Sherlock looked up through his fringe, wondering if he should even bother to mention it. If it was appropriate. "I felt . . . extremely Caucasian from Casablanca on. It got increasingly . . . . unpleasant  when everyone was . . ."

John was John because he knew when not to speak.

Sod it all. "I was hungry when I landed in Johannesburg. I thought, it's a modern city, it looks -- _normal_. No reason I oughn't be able to venture off Mycroft's itinerary and find myself a tea and sandwich, even if it's all in Dutch. I speak German, you know, even if I've never had use for Dutch, the two are suitably similar."

John waited.

"It was noon on the high street. Lots of business people, very busy, like London. I was tired, I'd run out of tolerance for crowds or lines. I asked a woman -- an African -- I mean, everyone there except me was African. I asked a black woman if there was a sandwich shop nearby. I didn't even think about her appearance -- her skin. Who does, in London? We're all just British now, aren't we? With Sally -- well, the first year I worked at the Yard I frequently forgot if I was speaking to her or Anderson because they're completely interchangeable."

"What happened?" John asked with a five years cultivated blank expression.

He shrugged. "Nothing.
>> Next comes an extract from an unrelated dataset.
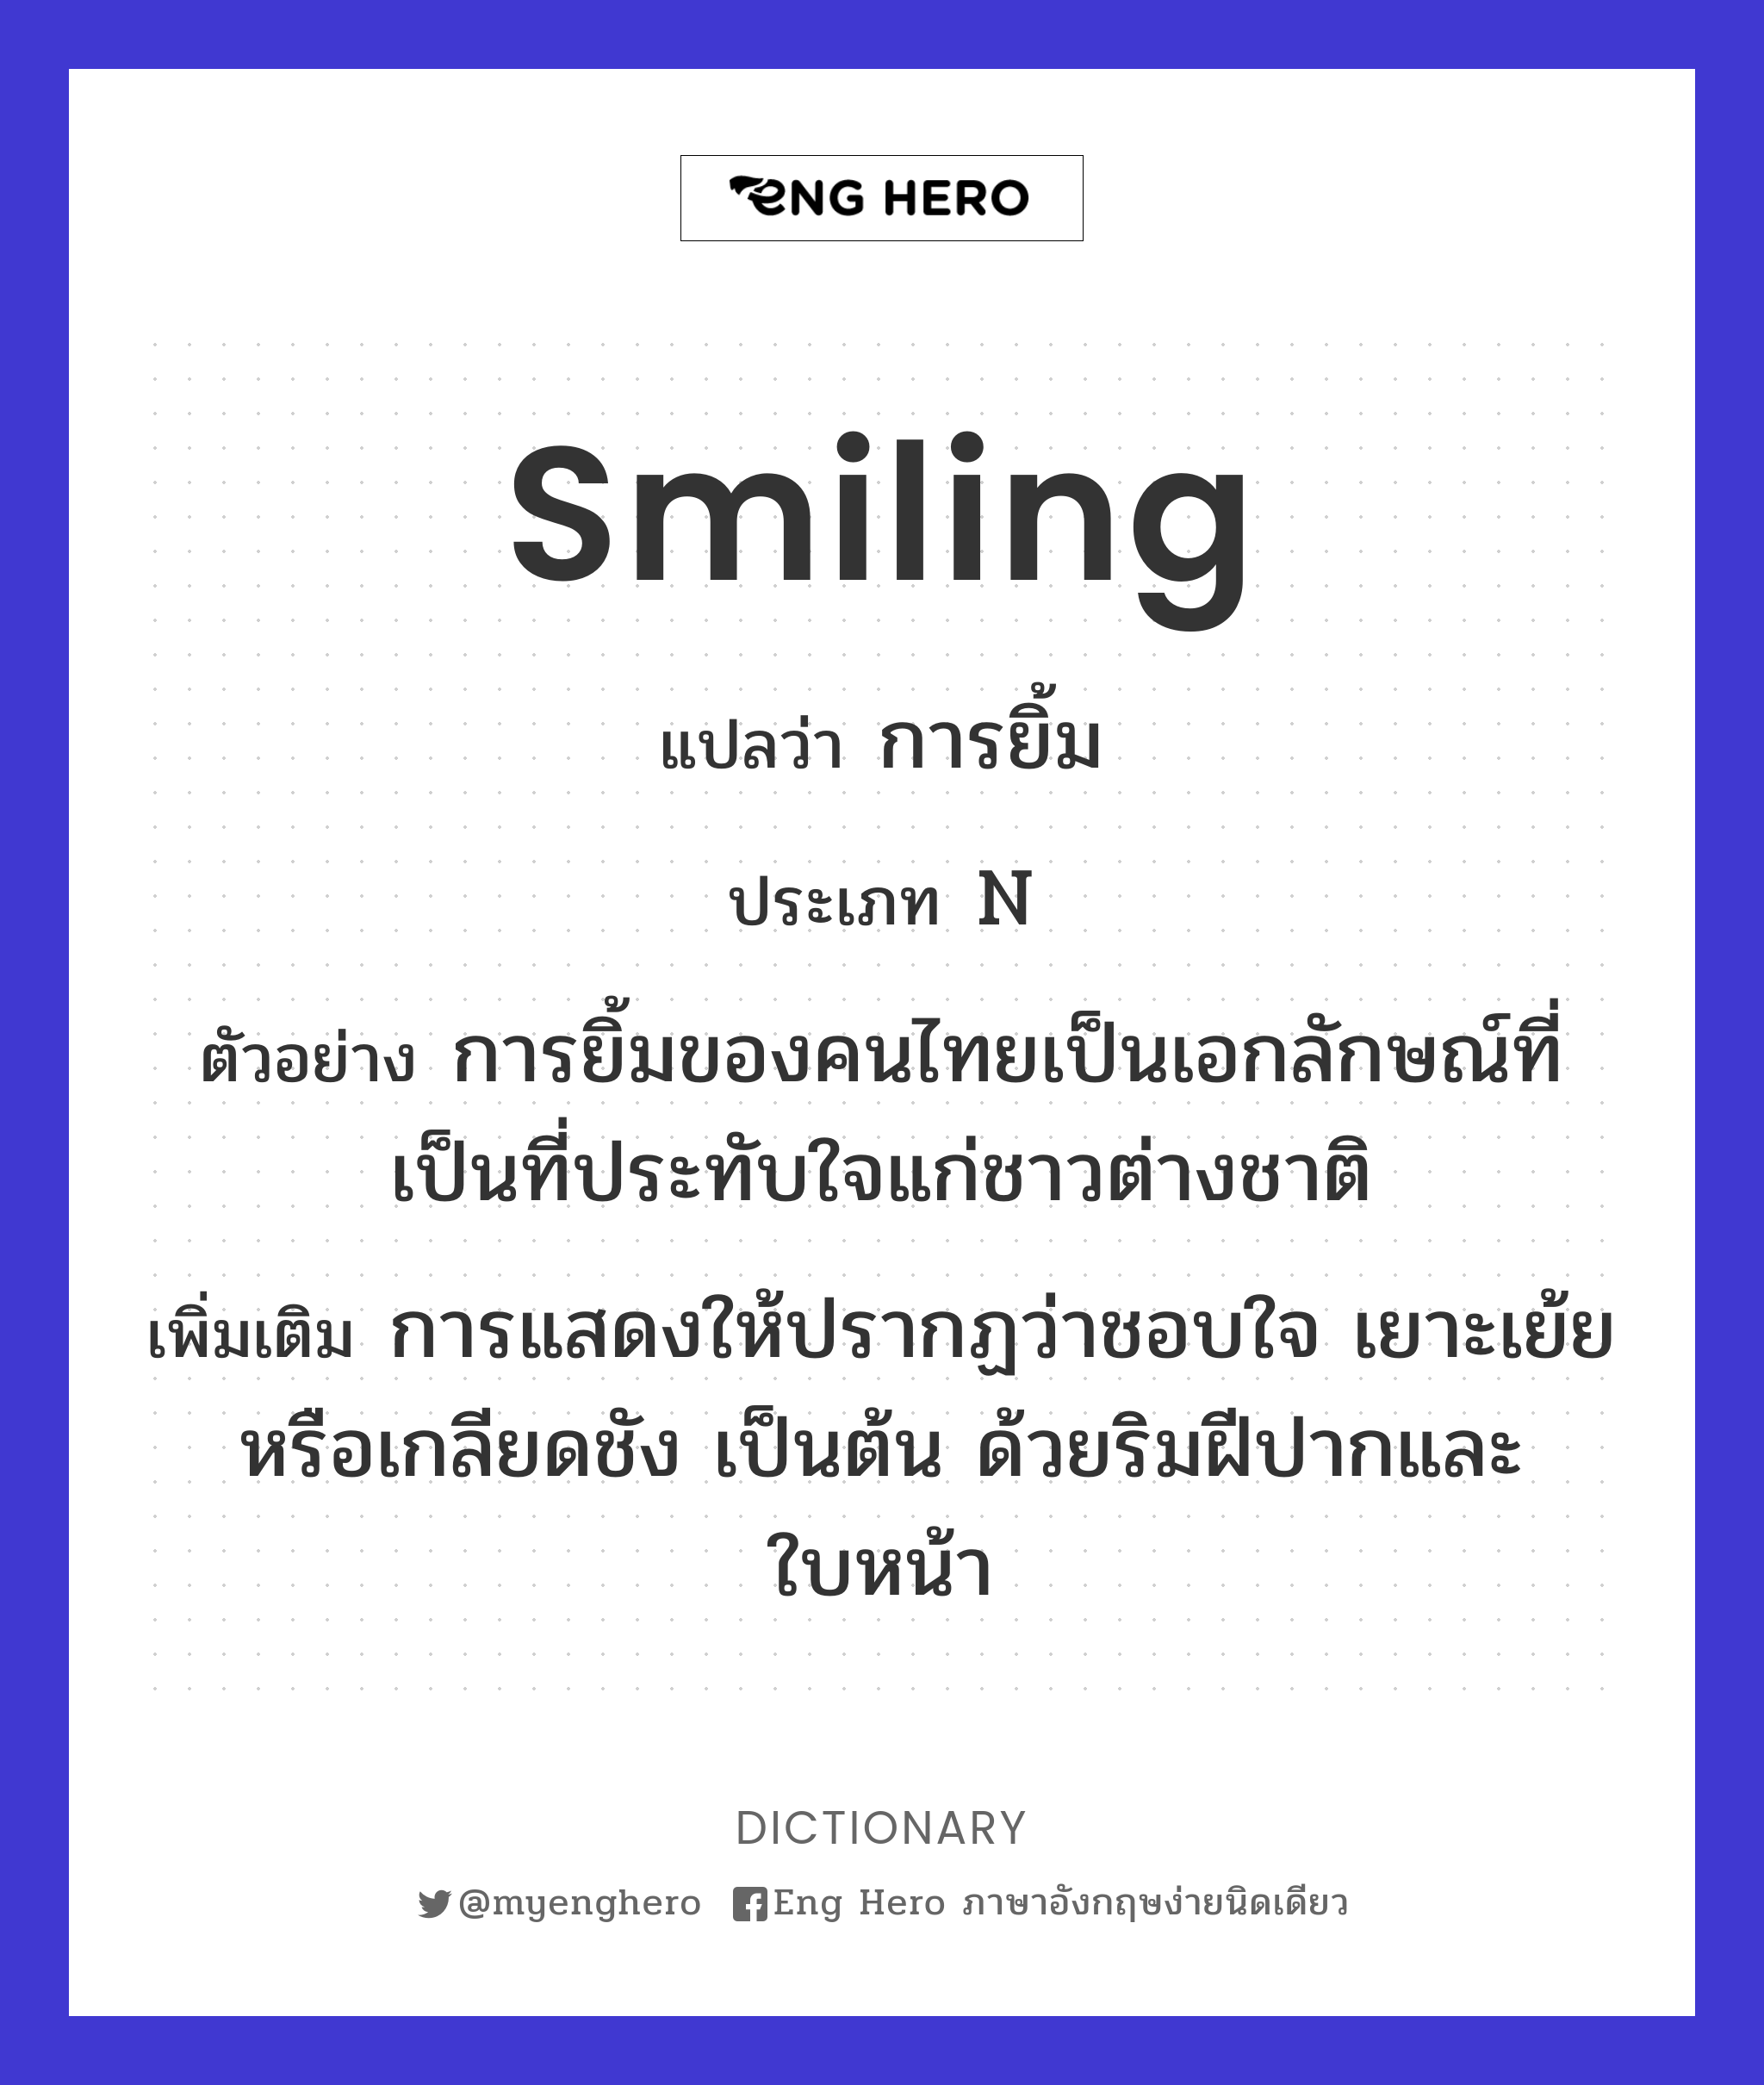 smiling

Except her emotional reaction. I didn't noti -- no. I didn't _care_ that she had her son with her, in a school uniform. Her business that moment was taking her little boy to school and a tall, well-dressed white man asks her a question in perfect Dutch and by her society, she cannot ignore him. Her respond in _fear_ to me, John, and I felt sick -- not because of her fear _of_ me, she didn't know me, but sick at a culture that instills in its citizens that a black woman's needs and preferences are so insignificant as compared to a white man's passing question. No woman -- no human can thrive under such -- such mindless oppression."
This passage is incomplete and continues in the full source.